TASK GOAL:
Produce a word-for-word copy of the data that follows, excluding images.

INFORMATION PROVIDED:
------------

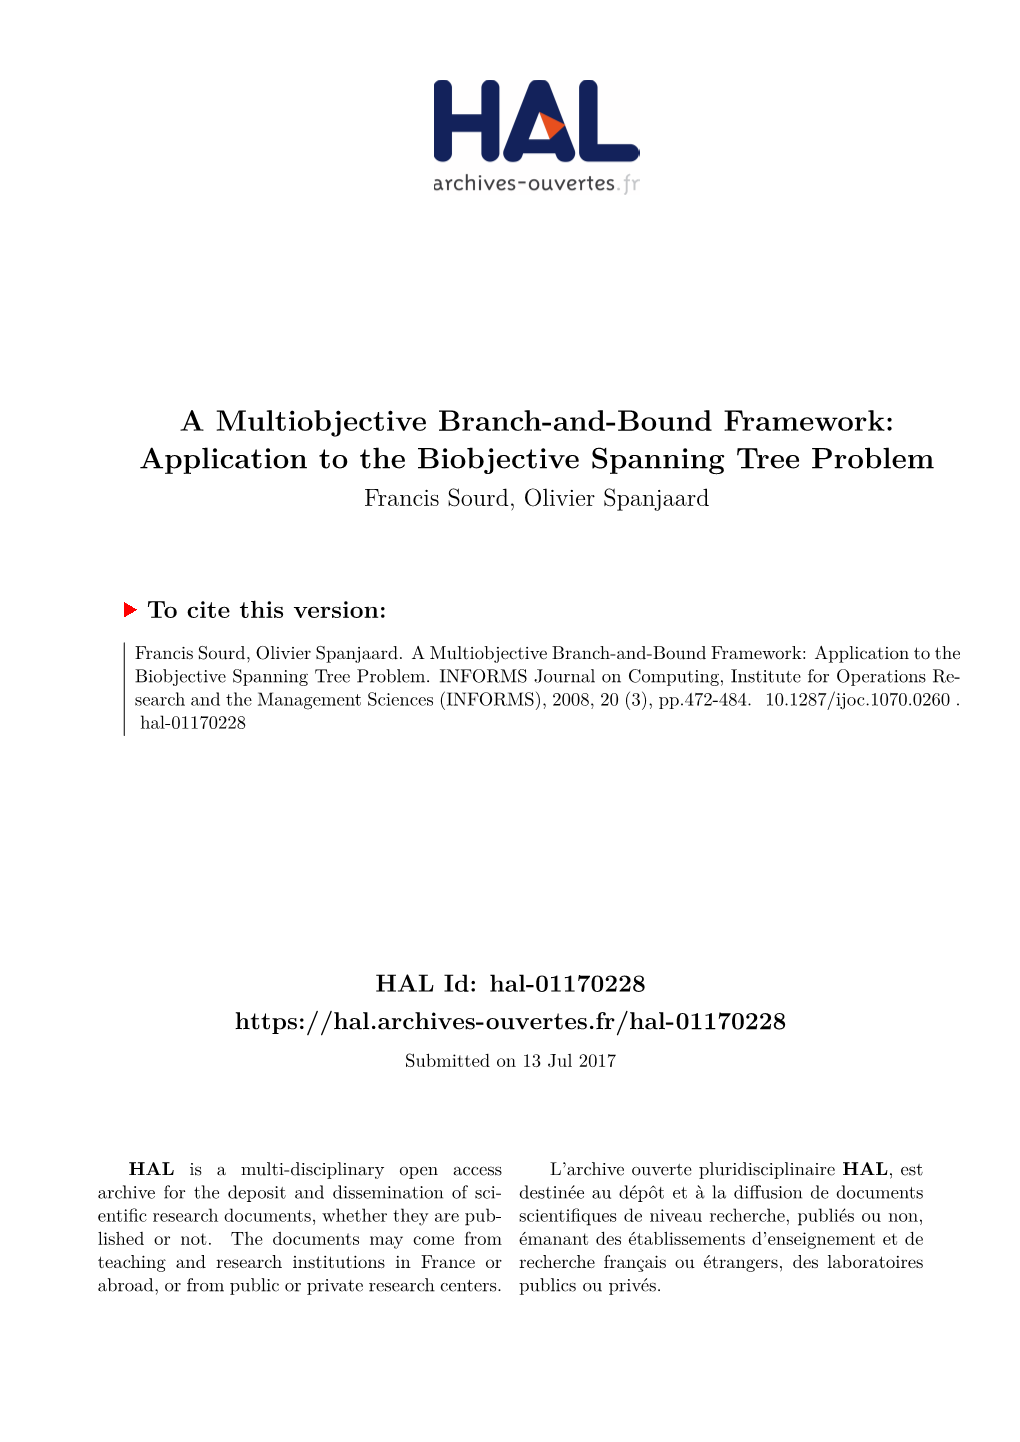 A Multiobjective Branch-And-Bound Framework: Application to the Biobjective Spanning Tree Problem Francis Sourd, Olivier Spanjaard
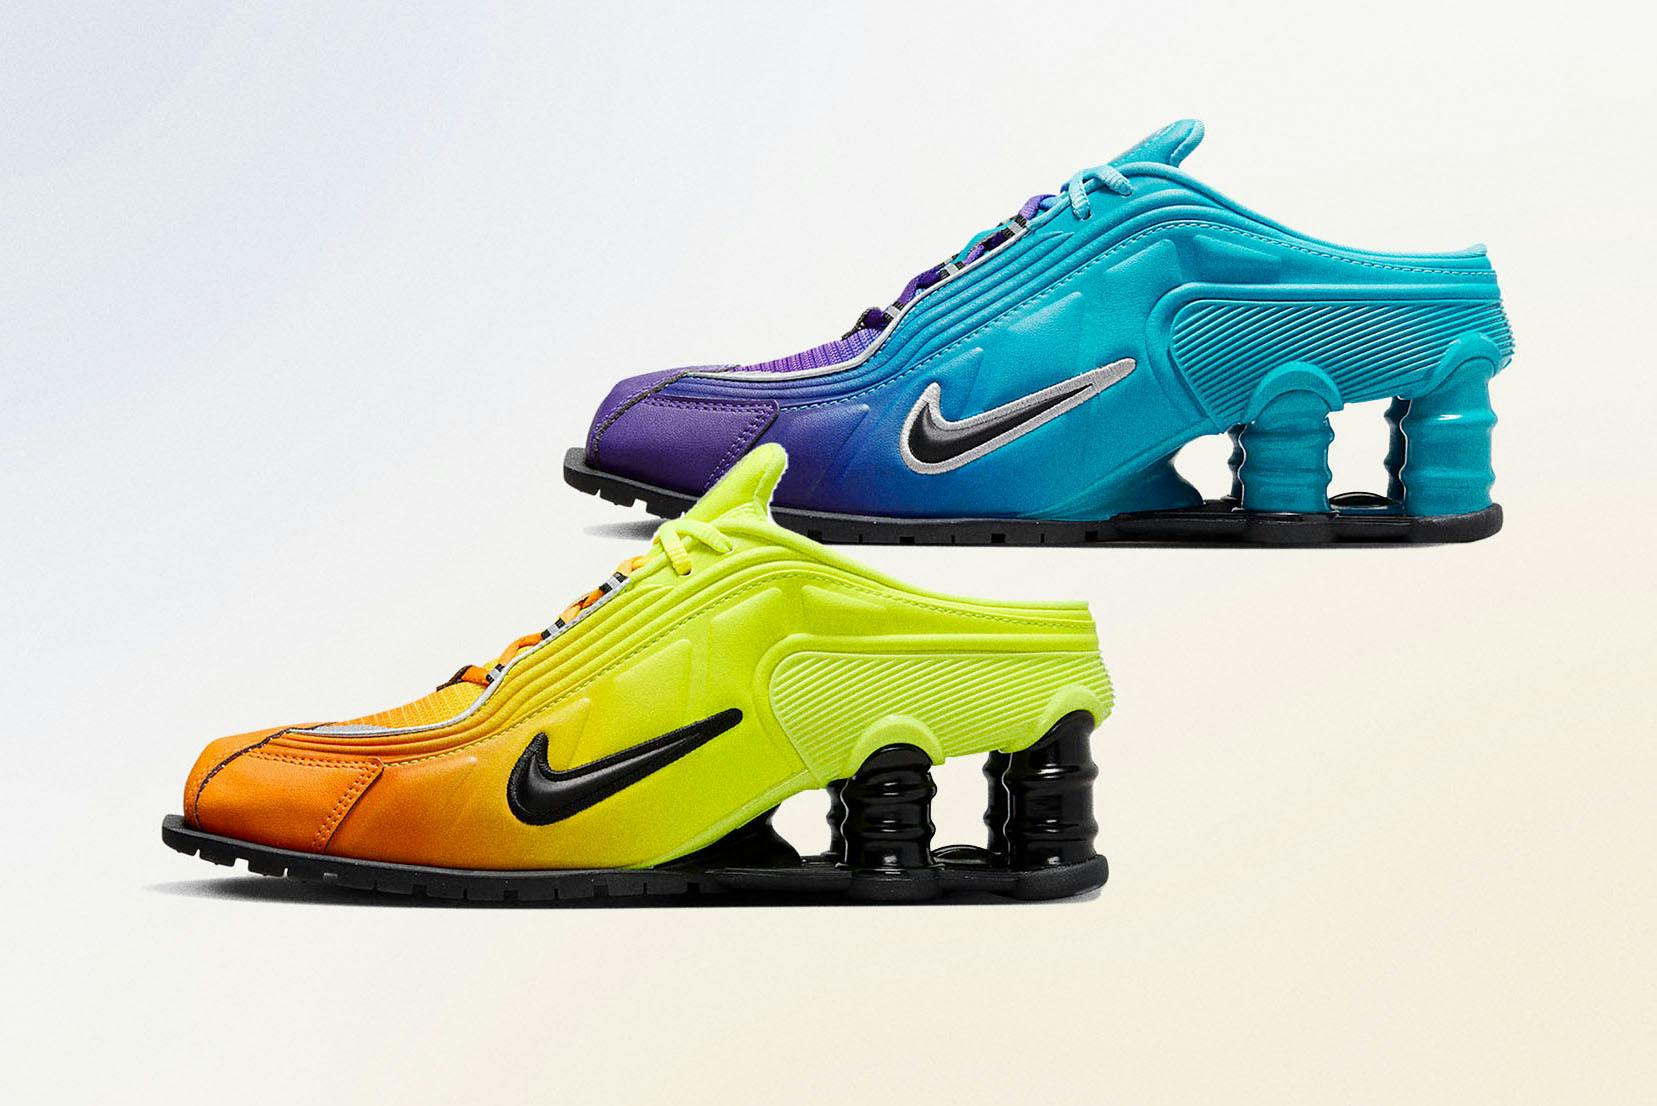 Yes, there will be a restock of the Nike Shox MR4 by Martine Rose
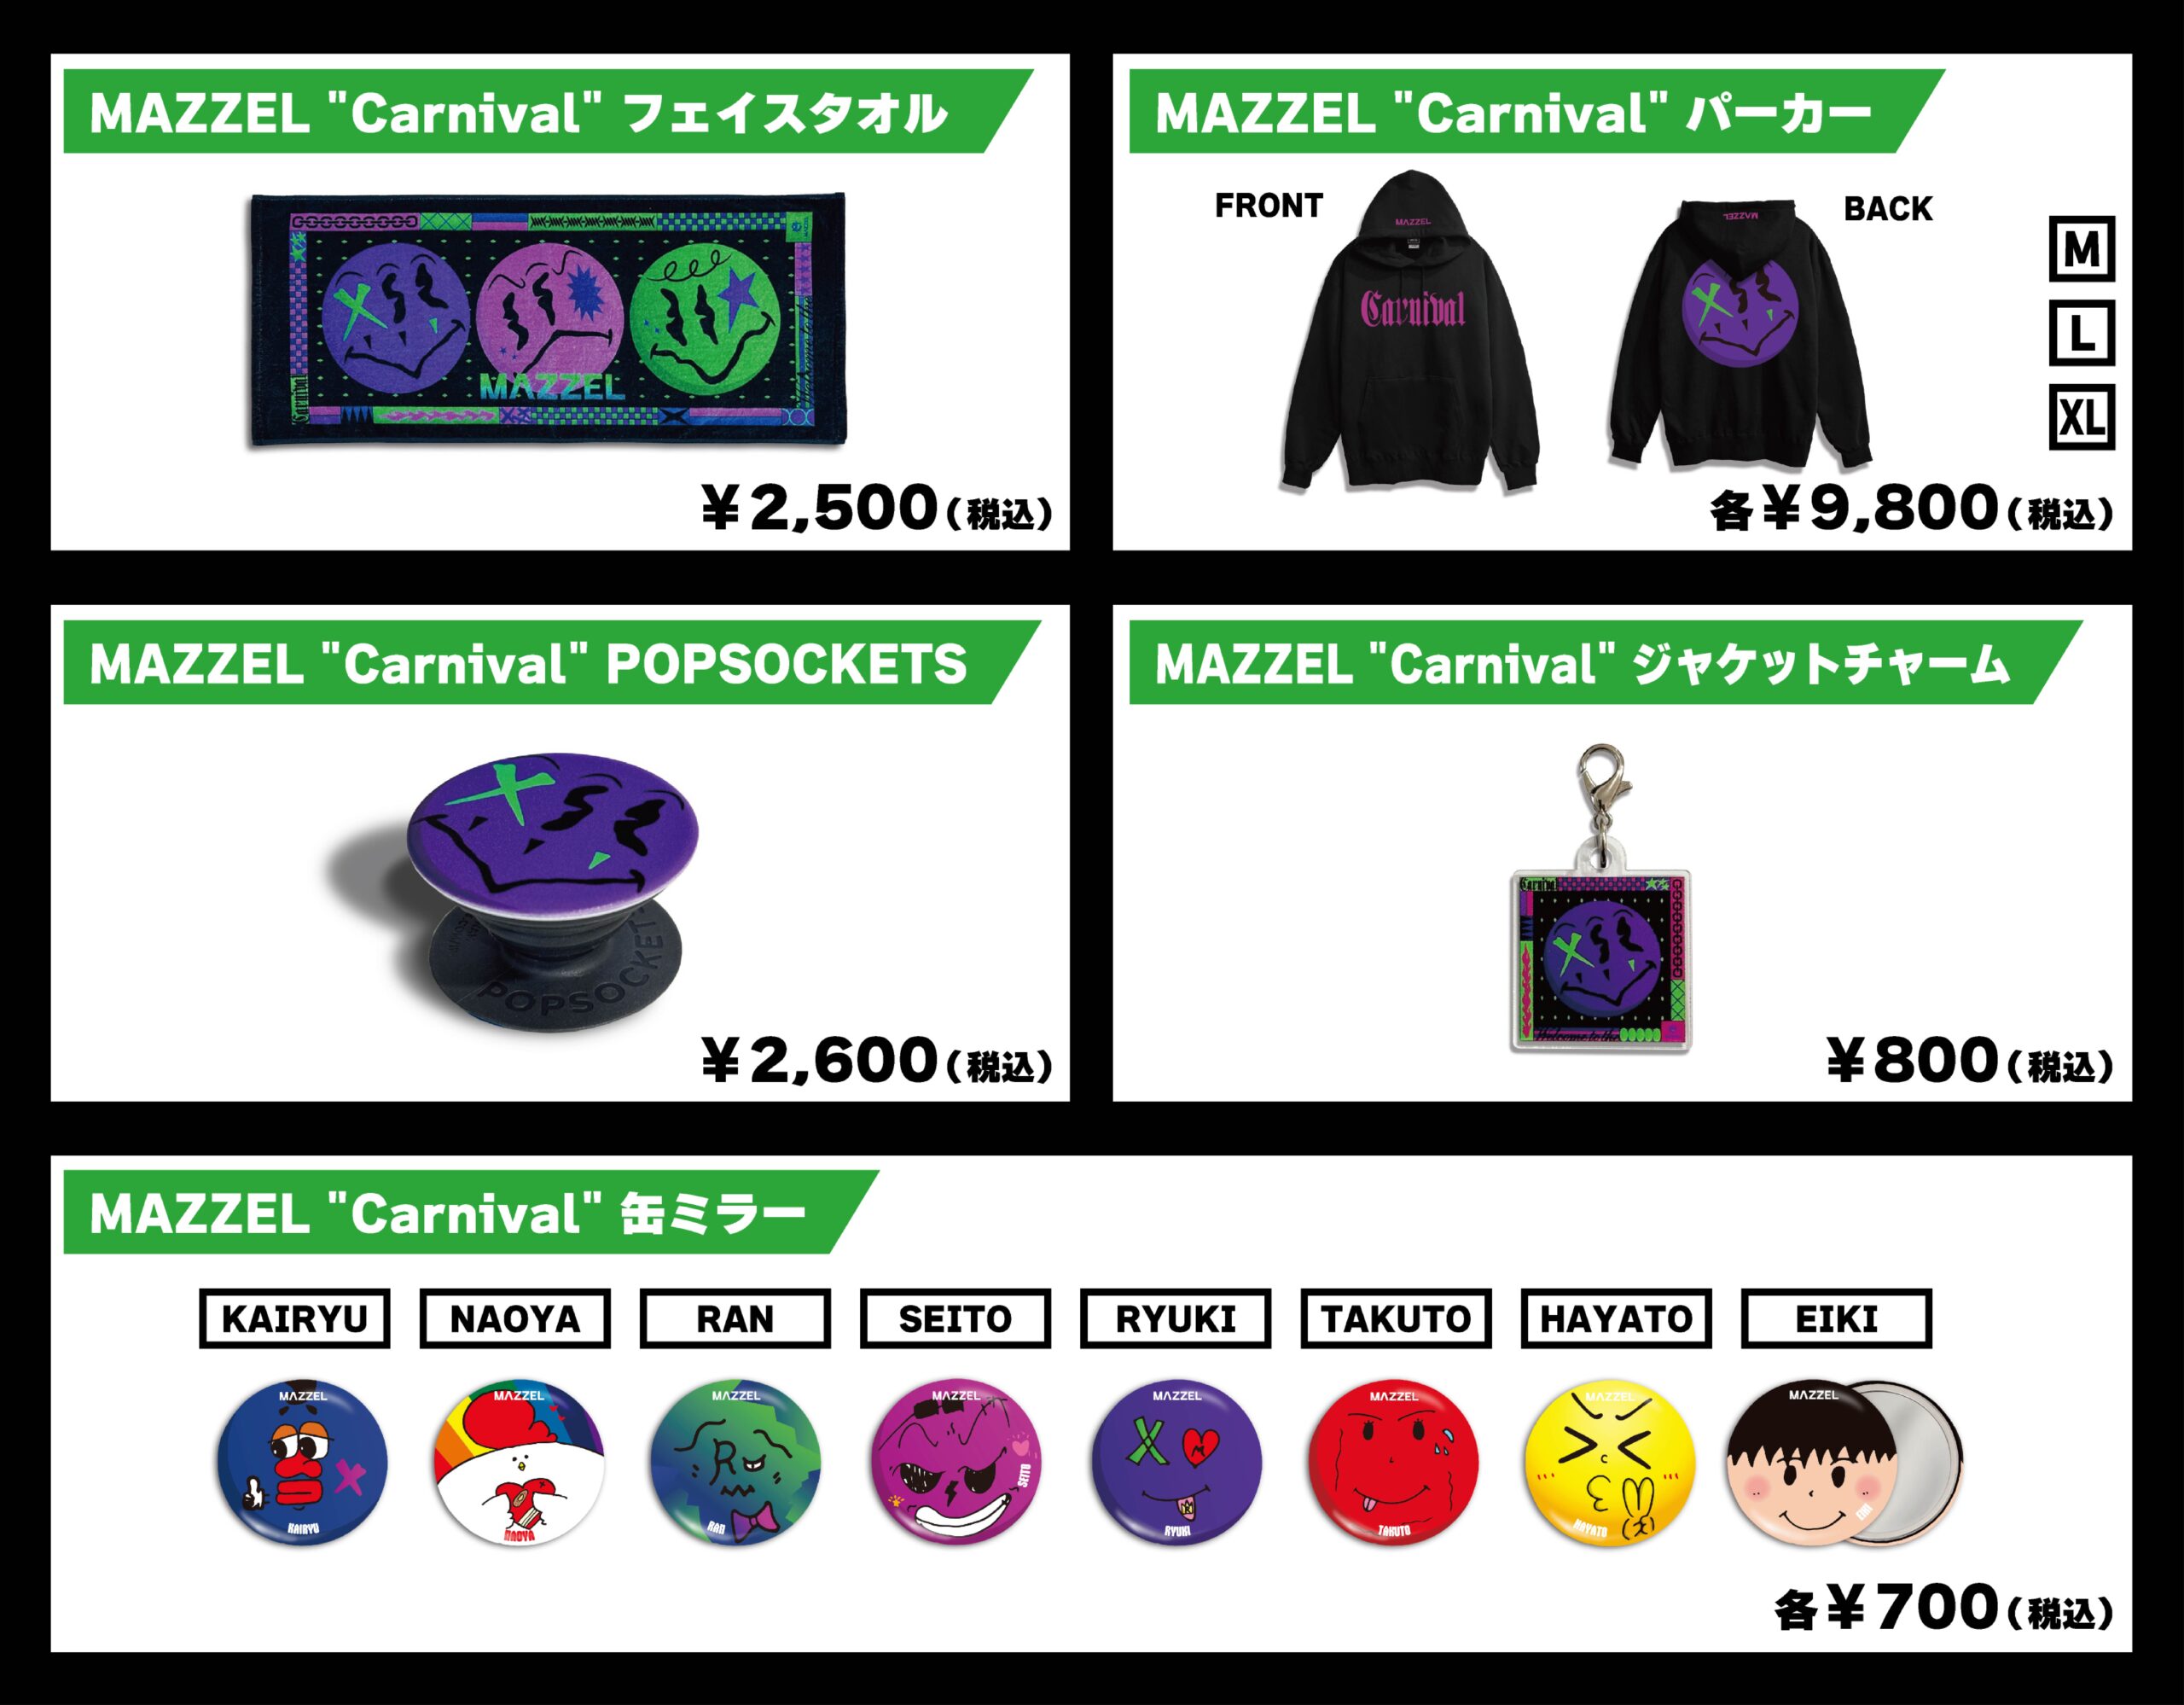 MAZZEL SHOWCASE “Carnival”』OFFICIAL GOODS 数量限定販売のお知らせ

------------

TASK ANSWER:
 A Multiobjective Branch-And-Bound Framework: Application to the Biobjective Spanning Tree Problem Francis Sourd, Olivier Spanjaard
 Yes, there will be a restock of the Nike Shox MR4 by Martine Rose
 MAZZEL SHOWCASE “Carnival”』OFFICIAL GOODS 数量限定販売のお知らせ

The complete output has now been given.